Monday, June 20, 2005
Image Lifesaver!
This weekend, I had a SD card get corrupted. I'm guessing that it was corrupted because when I powered my digital camera on, I received a message stating that the card wasn't formatted and would I like to format it. The problem: There were lots of images that were on the card that hadn't been offloaded yet. The result of this revelation: an upset wife (many of the pictures were from our daughter's birthday party). Thus began the search for a savior. Google was my friend here. Within minutes, I had found a freeware application (actually several) that would recover images from SD cards (among others). I ended up choosing an application called Zero Assumption Digital Image Recovery to recover the images. Luckily, my laptop at home (HP Pavilion ZD7000) has a built-in card reader (my other card reader was at work), so I simply plugged in the SD card, then ran the application and told it to recover the images. I assume that flash media work much the same way as hard drives in that when you format a flash card (or hard drive), it doesn't actually remove the data, just makes it inaccessible. Anyways, my point here is that there weren't a ton of images on the card (probably 40 or 50 since the last formatting - it's a 256mb card and my camera is a 4.1MP), but the program recovered ~120 images. That was fine with me, though, as long as the important ones were there, which they were. There were only a few images of the ~120 that weren't completely recovered, which is pretty amazing.

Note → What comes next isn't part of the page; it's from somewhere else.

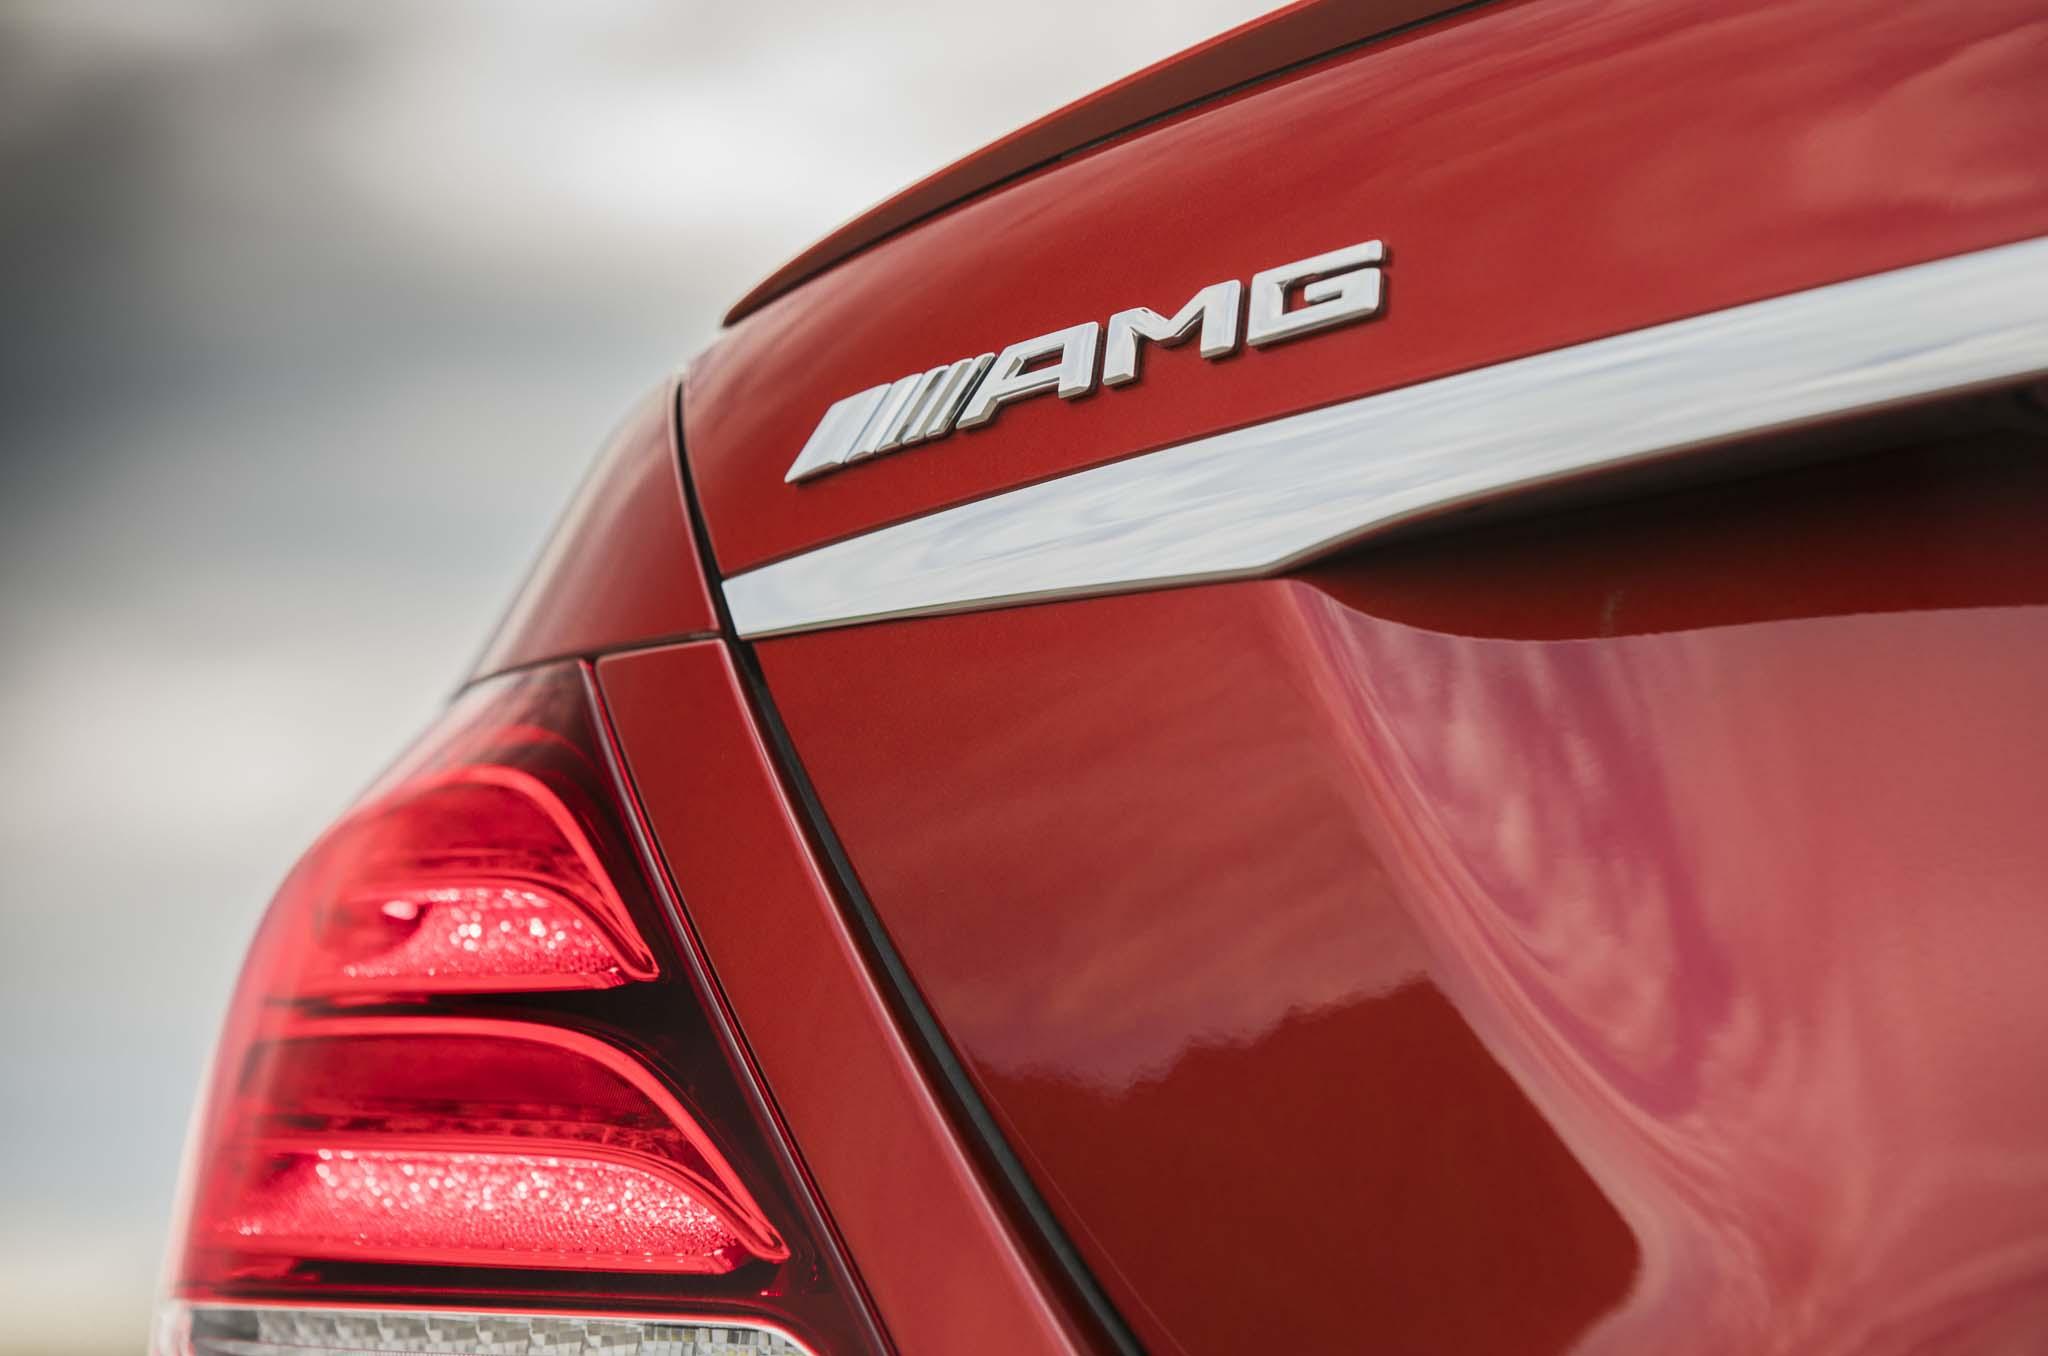 2017 mercedes ben e400 4matic wagon one week review for Mercedes benz badge
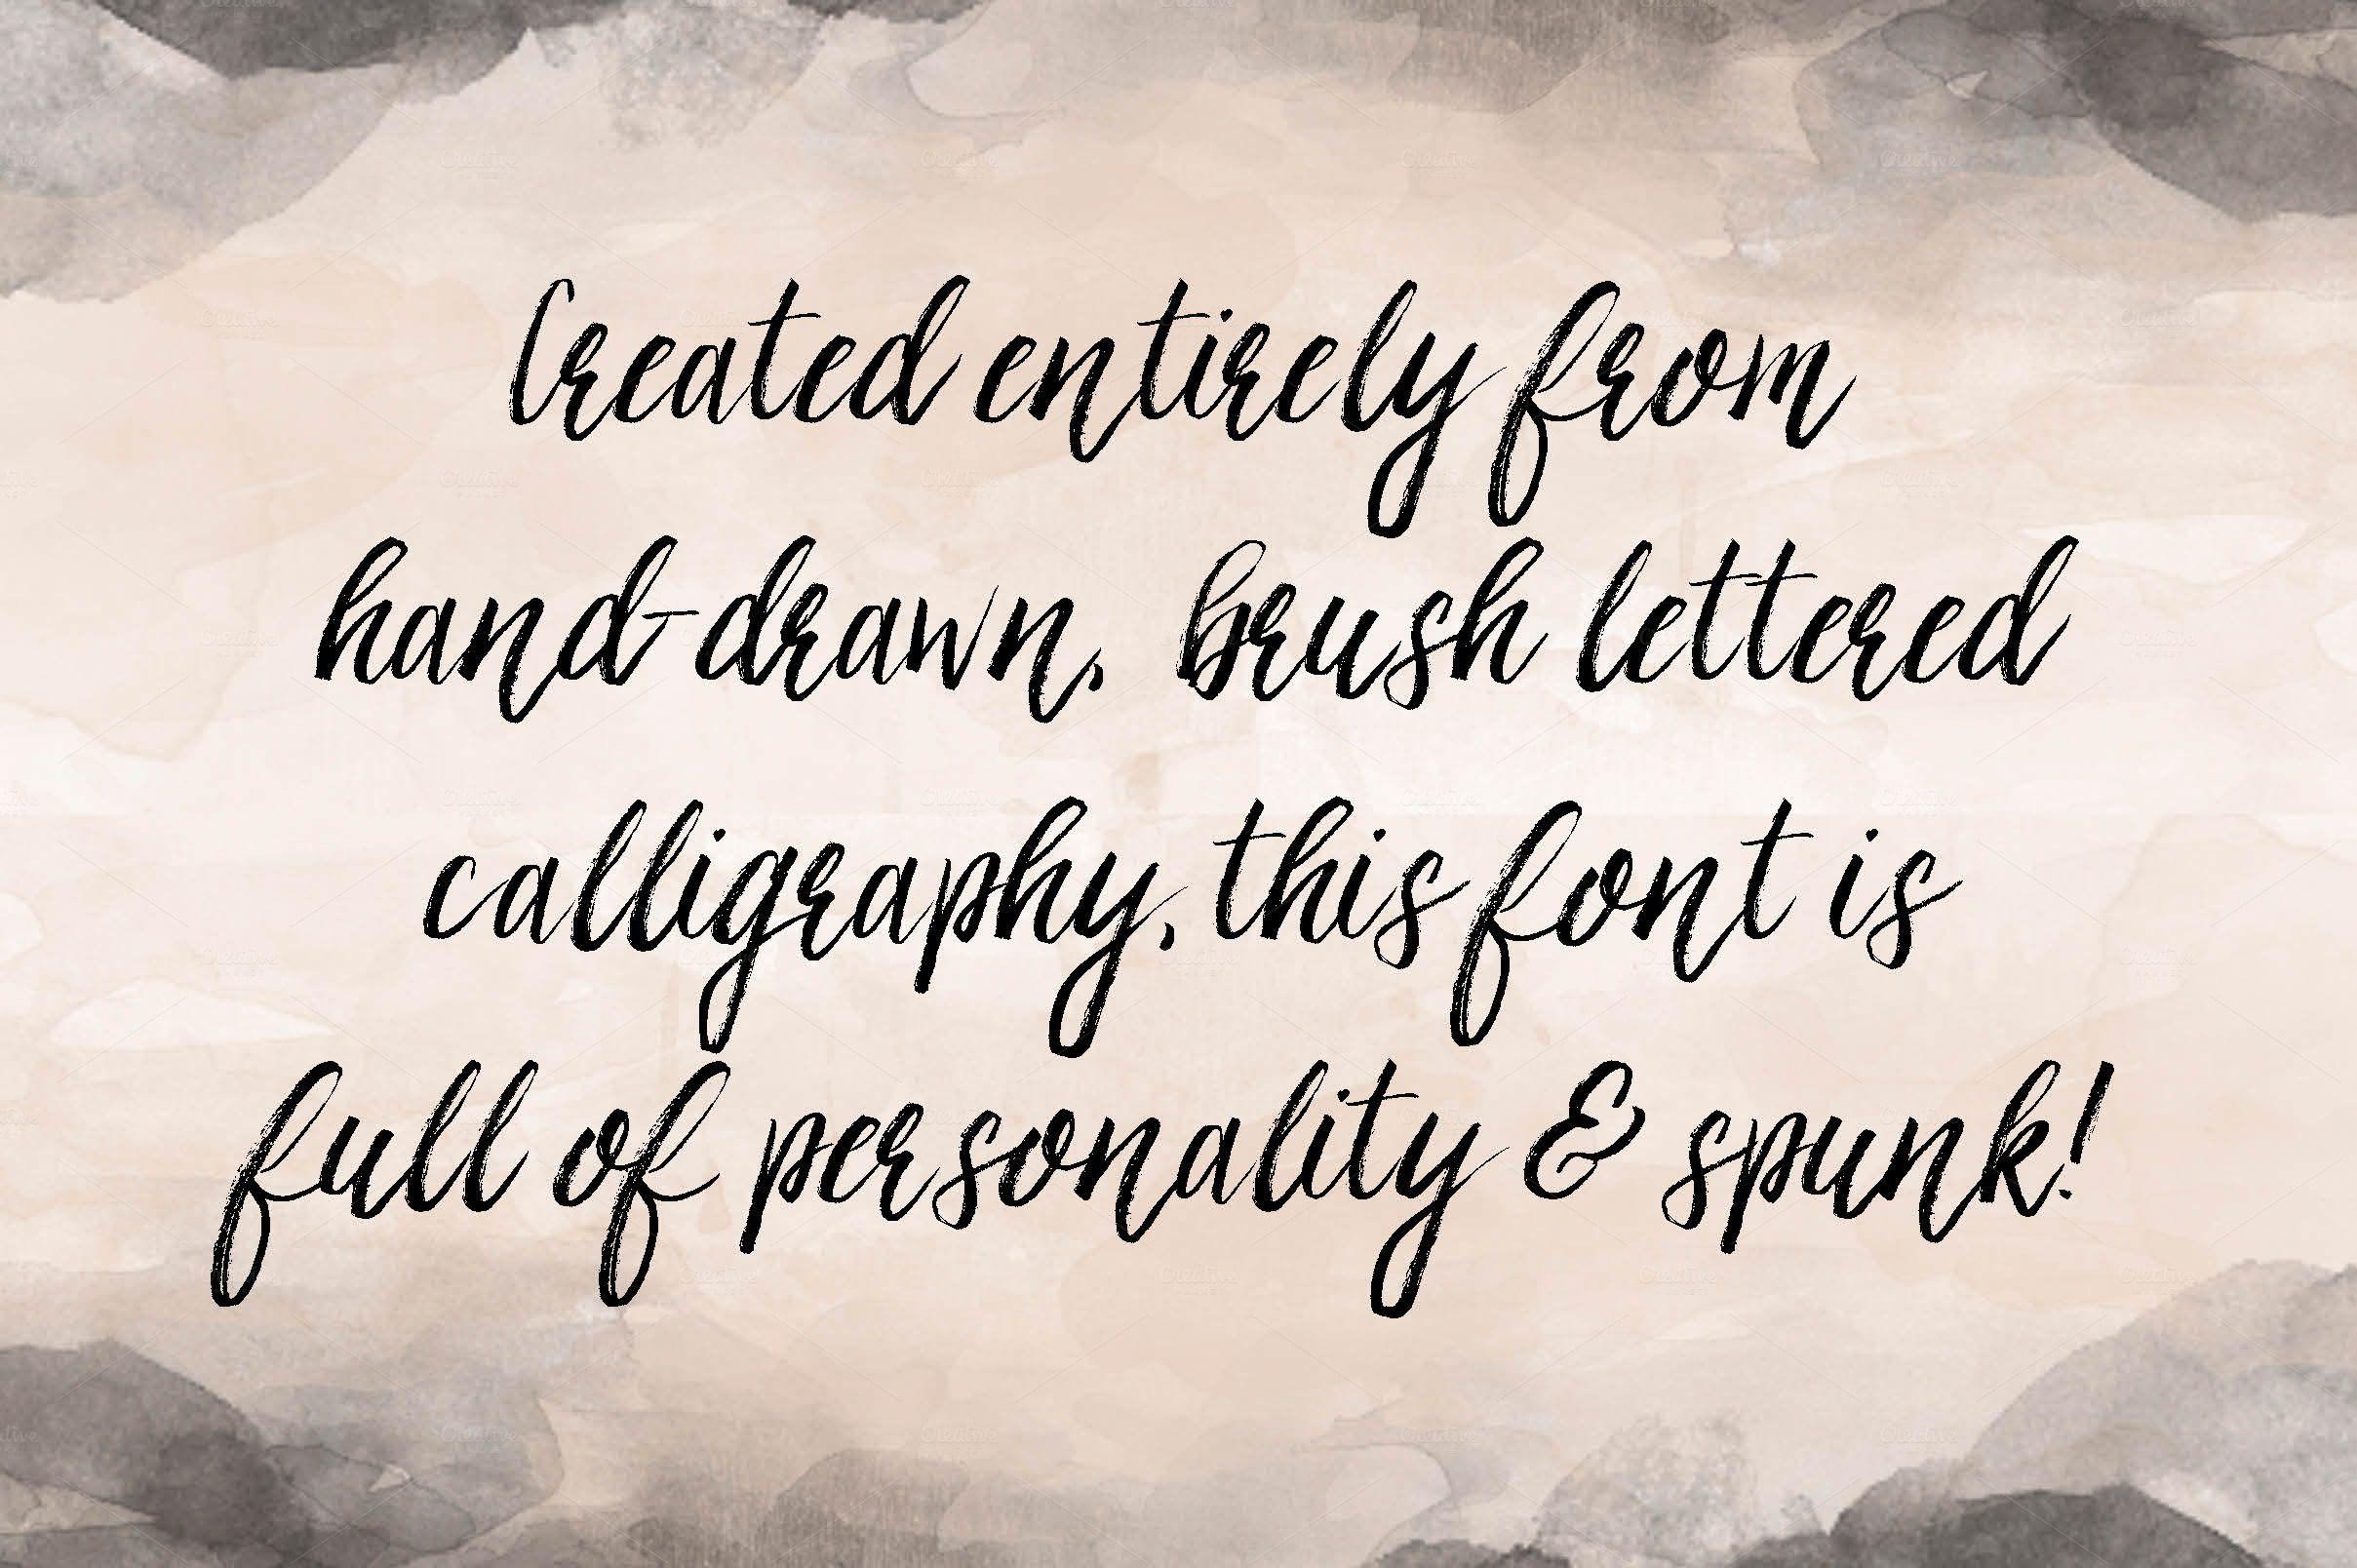 Ashley brush script by printable wisdom on @creativemarket fun

Kudos to Zero Assumption Recovery for making this tool free. The information on their website states the following:
"Zero Assumption Digital Image Recovery is freeware with no functional limitations."
In addition to the Digital Image Recovery program, they also have programs for recovering files from DOS and Windows. I haven't looked at those, but if they are anything like the image recovery program, they will be pretty decent.